Actually I've lost track of the exact week of the pregnancy due to my busy work schedule. I can only try to make a close guess at it.
She's weighing at 992 g. Dr Ang said that she's on the big side and advised me to cut down on the carbo intake. I was quite shocked because my tummy is still quite small compared to other pregnant women.

He said that she's in an 'oblique' position, in which her head is on my tummy's upper right side, the body in the centre of my tummy and her legs at my tummy's bottoom left. 'Slanted' I call it.
She's very active. I can feel her kicks on a daily basis, and sometimes, she kicks on my bladder I think, which makes me feel as if my urine could come out.
I feel very guilty towards this baby. Up till now, I haven't got a name for her. And my job entails screaming at the kids and getting upset and angry very often. I know it's not good for the baby, but who can help it?

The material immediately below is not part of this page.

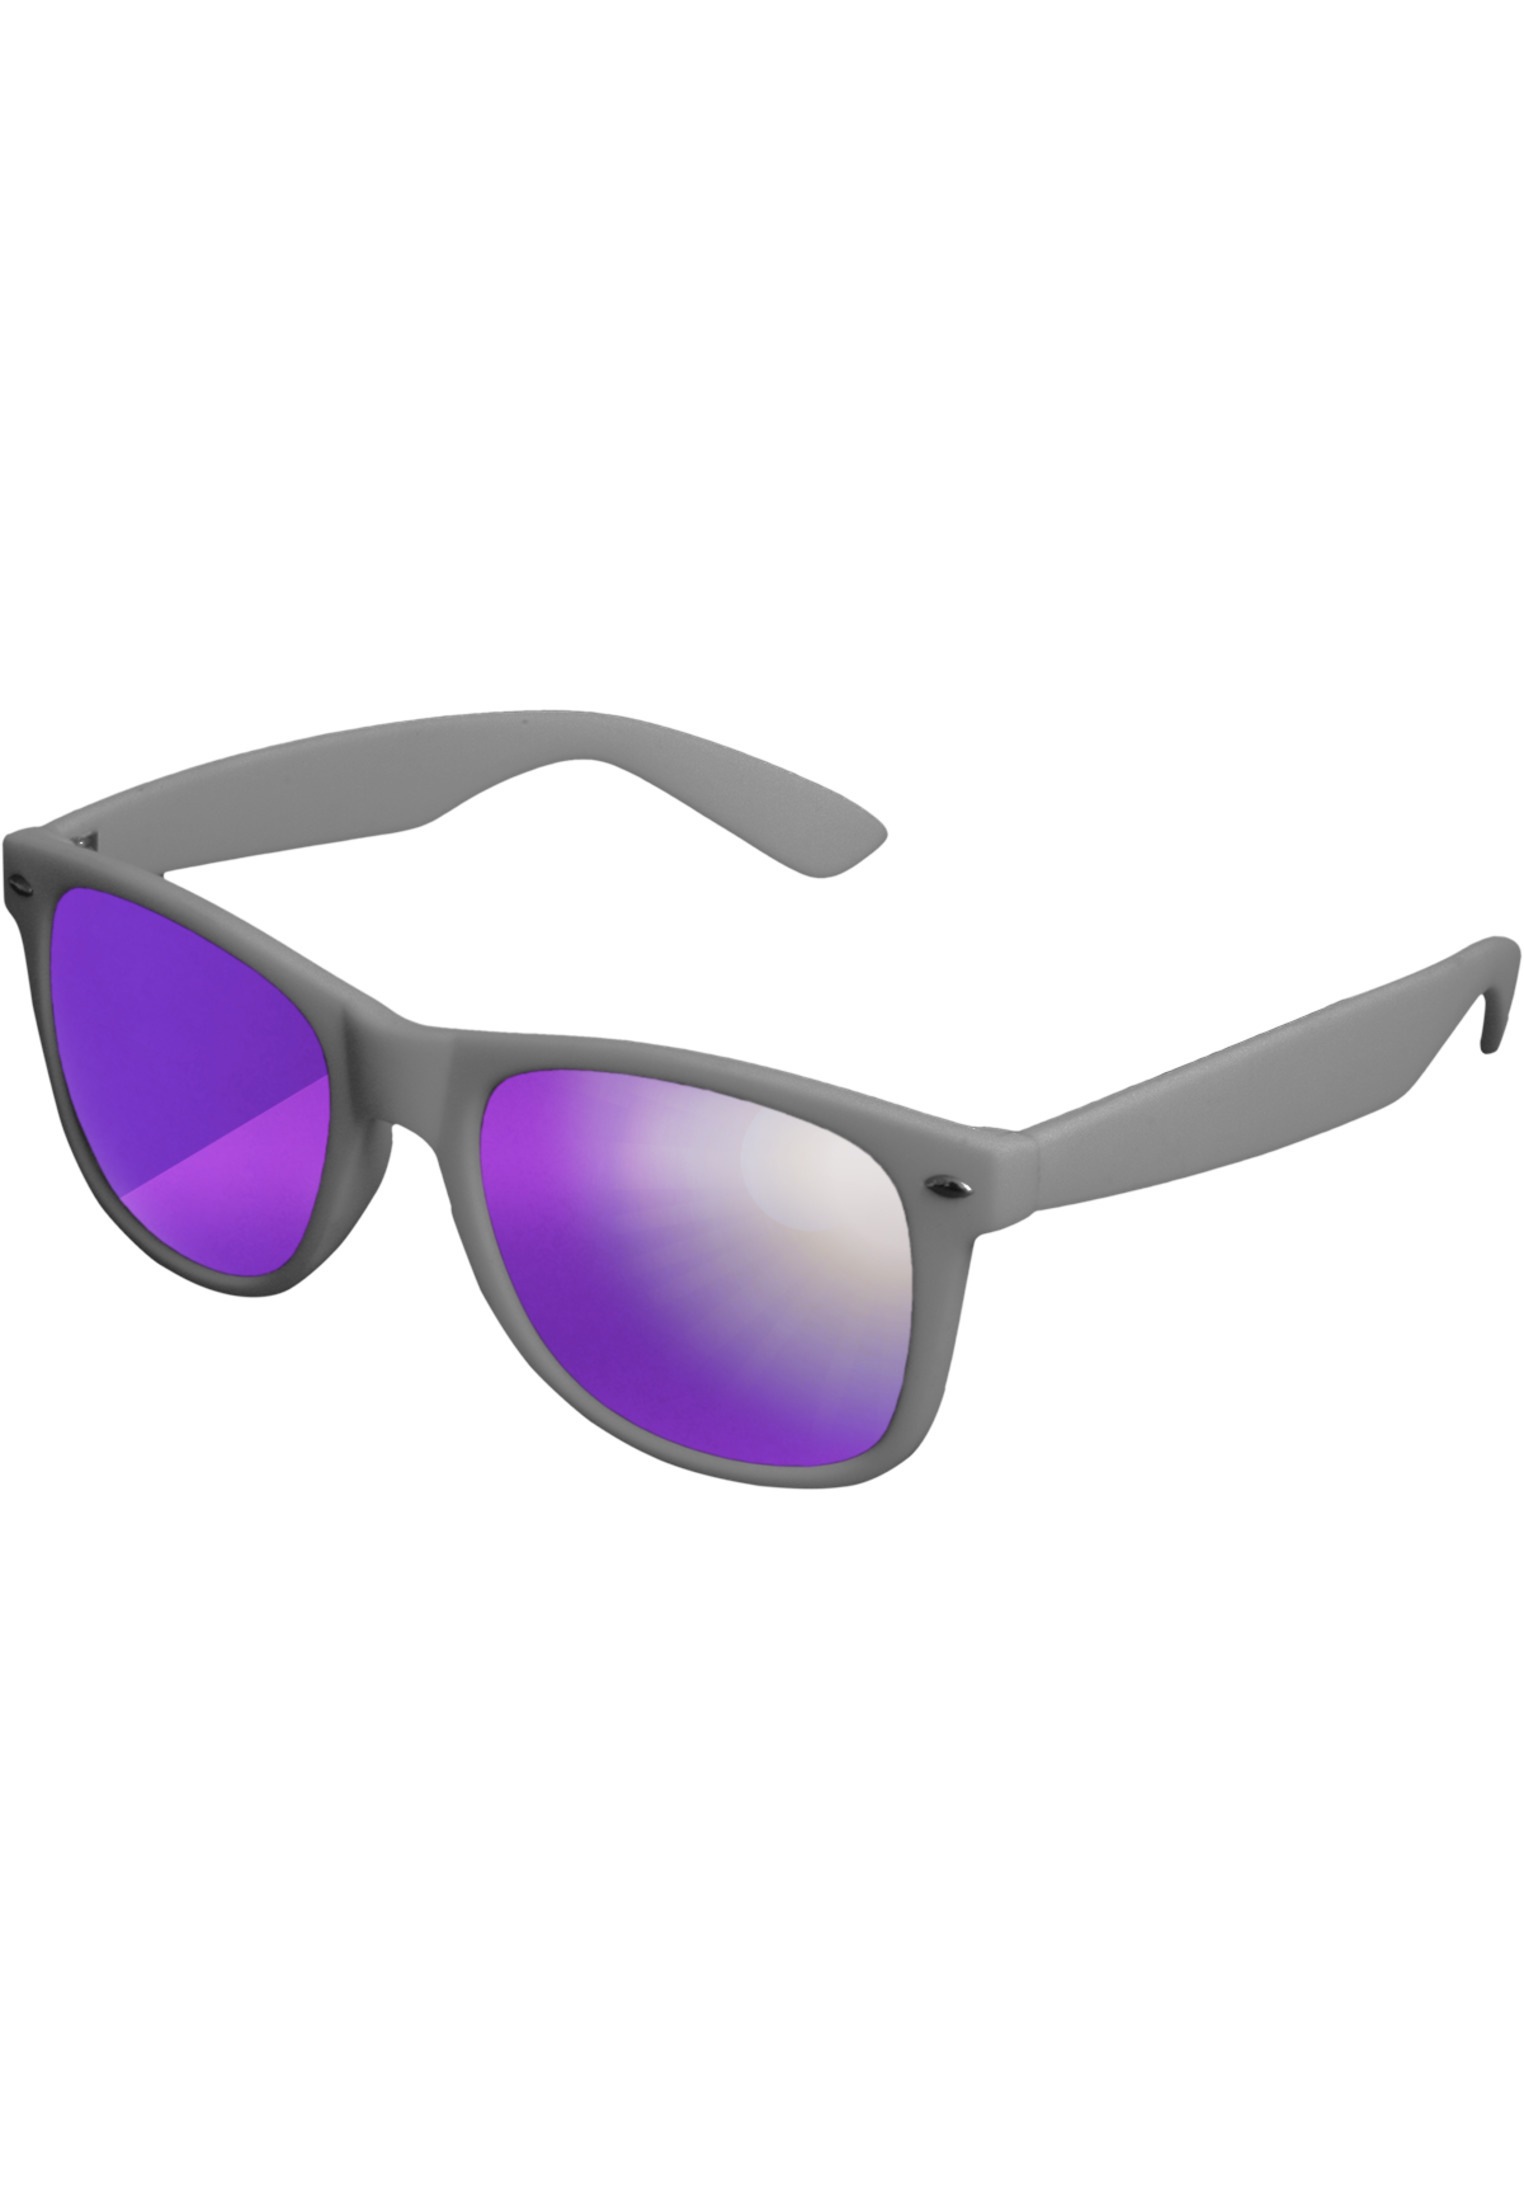 MSTRDS Sonnenbrille »Accessoires online bestellen BAUR | Likoma Sunglasses Mirror«

This pregnancy is certainly quite different from my experience with Coco. I continue to feel very tired - but it could also be due to the demanding nature of my job. I often have shoulder aches, and recently, I got backaches. Just last night, William and I quarrelled over the need to massage my back. He was very impatient and rubbed very hard on my back and shoulders. I got angry with him and screamed at him, accusing him of trying to make me suffer a miscarriage.
When I woke up this morning, I saw that the house is in a mess. Mess everywhere. Dining table, coffee table, platform, bedroom, Coco's bedroom, kitchen sink, even the basin where we brush our teeth - there was a worm swimming in some remaining water.
I know that it's not easy on William these few months. It's especially challenging to wake up at 5am every day without fail to prepare Coco for school. I myself can't do it. I was already struggling when William and I alternated on the days we get up early to prep her.
I packed some parts of the house, especially things that belong to Coco, and abit of mine. William is right in that the things that make the house messy are actually ours, not his. Sometimes I wonder if I've been too hard on William. He's never done a day of housework in his life before marriage. He's been trying, although the standard is still very far from my expectations. Perhaps I should be more forgiving towards his ineptness at doing housework. Or maybe I'm just finding an outlet to vent my frustrations at his debts. The debts are still there. His grandfather didn't manage to clear them for him. I'm very stressed up over his debts and his gambling habits.
Sometimes I wonder if all's been worth it to marry him so early to let Coco enter his alma mater. But Coco's everything to me. I remember promising myself to give her the best the moment I set my eyes on her 8 years ago. I haven't let this down. What is more important than giving her the best school she can go? I have wasted my youth on a jerk. It is of secondary importance to me that I'm going to spend another 10 years with another jerk. I'm just worried about the financial load he might bring on me, and Coco.